Designing World at War

My apologies to my three non-gaming readers. While the following was a blast to write, and will make good reading for my war gaming friends, it’ll probably put you to sleep. Sorry, but here goes.
Designing World at War
A confluence of ideas and events lead to the birthing of World at War (WaW). The spark was no doubt Harold Coyle and his seminal novel, Team Yankee. In the midst of rereading the book for the uncounted time, I decided to design a game that would let me create and fight my own Third World War. I liked Coyle's book, but wanted a different setting. Coyle, like so many people I have met since I designed Eisenbach Gap, tended to minimize the Soviet's combat effectiveness. I wanted to treat them a more fairly. I also wanted a story that didn't completely follow the Third World War universes that had gone before. Hence, England drops out of the war, South Korea invades and conquers the North, Japan threatens to retaliate, Romania secedes from the Warsaw Pact, and the Pope calls the 11th Crusade to eradicate the evil that brews in Wallachia.
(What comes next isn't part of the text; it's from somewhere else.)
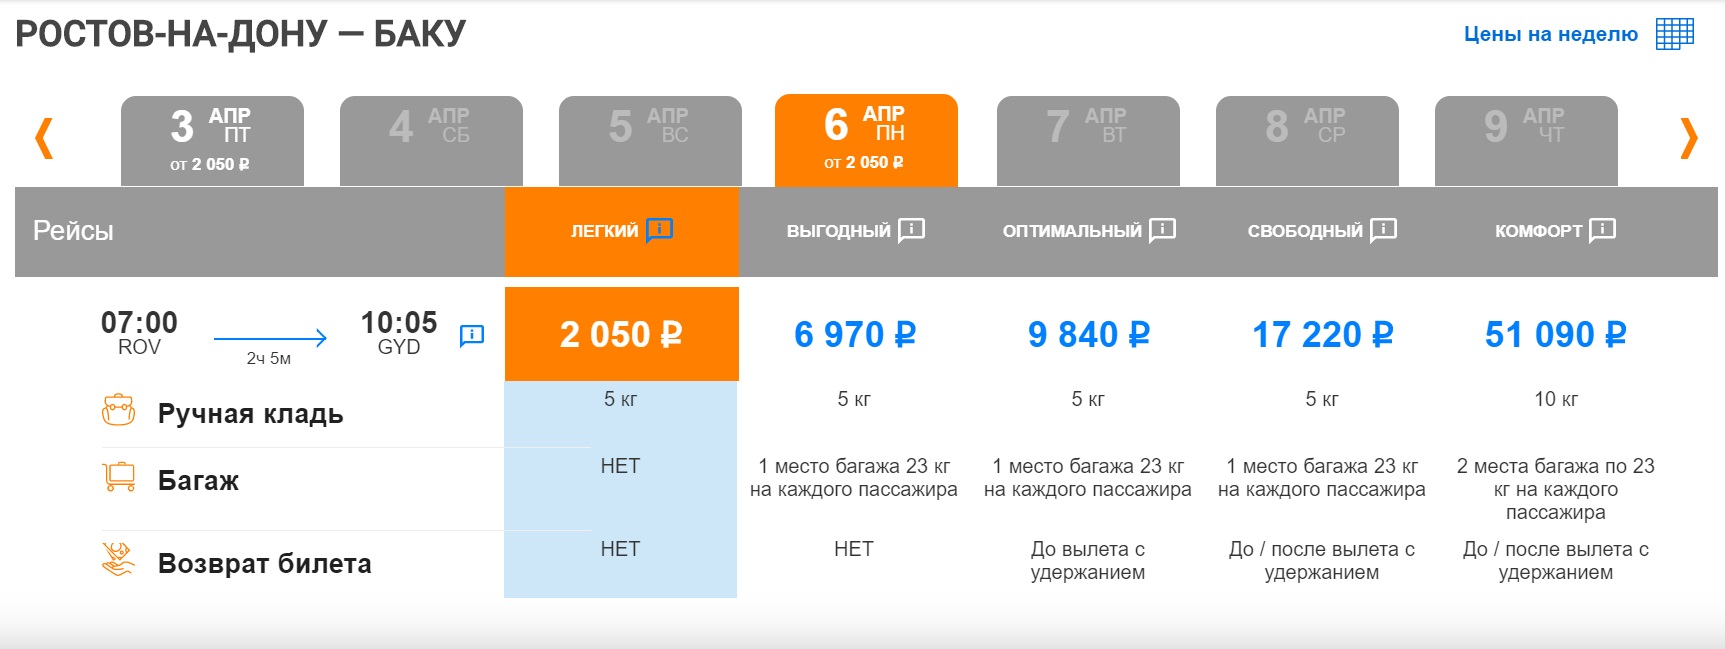 Симферополь псков авиабилеты прямые рейсы расписание билет на самолет цены посмотреть сравнить

Great fun, but critics tend to denigrate my choices as wholly improbable. I ask the denigrators (sic) if two years ago they would have believed America would supply Al Qaeda with small arms to topple an established and stable regime. That's what is happening in Syria.
Of course there is the whole paranormal aspect to the World at War fiction. Some people love it, some don’t. To me it adds a twist that sets the game apart from everything else in the genre. But enough with the universe, what about the system?
I wanted WaW to accurately, but not obsessively, detail the combatants. And I wanted to do that without horrendously tilting combat factors in the favor of NATO. I’m a huge fan of the original Panzer Leader family, but one thing that bugged me about the game system was the combat factors in the Arab Israeli Wars game. For example, the cannon on a Centurion, with its attack factor (AF) of 25, is twice as powerful as a platoon of T-62 tanks, with their 14 AF. That just doesn’t feel right to me. 
Training, in addition to their junior officer’s initiative, makes the NATO forces better than most of their Soviet counterparts. At least that’s what we've been told. I've met Russians who would disagree, but I digress. So I wanted to create a method that would demonstrate that initiative, something that would let NATO move and fight at a faster pace than the Warsaw Pact units.
I guess I could have designed a sequence of play that would have given them that advantage, but I’m a big believer in the chaos surrounding war. I wanted NATO to act more frequently on average, but not always. Those ideas birthed WaW chit draw system.
How about all those numbers on the counters? Well, I have my reasons for them also. Stay tuned and I’ll share them with you.
See you tomorrow.




Comments

Anonymous said…
Great start. Love to hear more about the thought process that leads to a game design.

Jim S.
One thing that bugs me (and Mike isn't the only one who does this) is people who talk about England when they really mean The United Kingdom; I'm assuming that when Mike says "England drops out of the war" he doesn't mean that Wales, Scotland and Northern Ireland stayed in; although given some of the Texas scenarios in America Conquered maybe they do.
Mark H. Walker said…
Great point, Chris. But I must say that one thing that bugs me is people who talk about Mark (me) and call me Mike. ;-) And in fact Wales, Scotland, and Ireland are still fighting.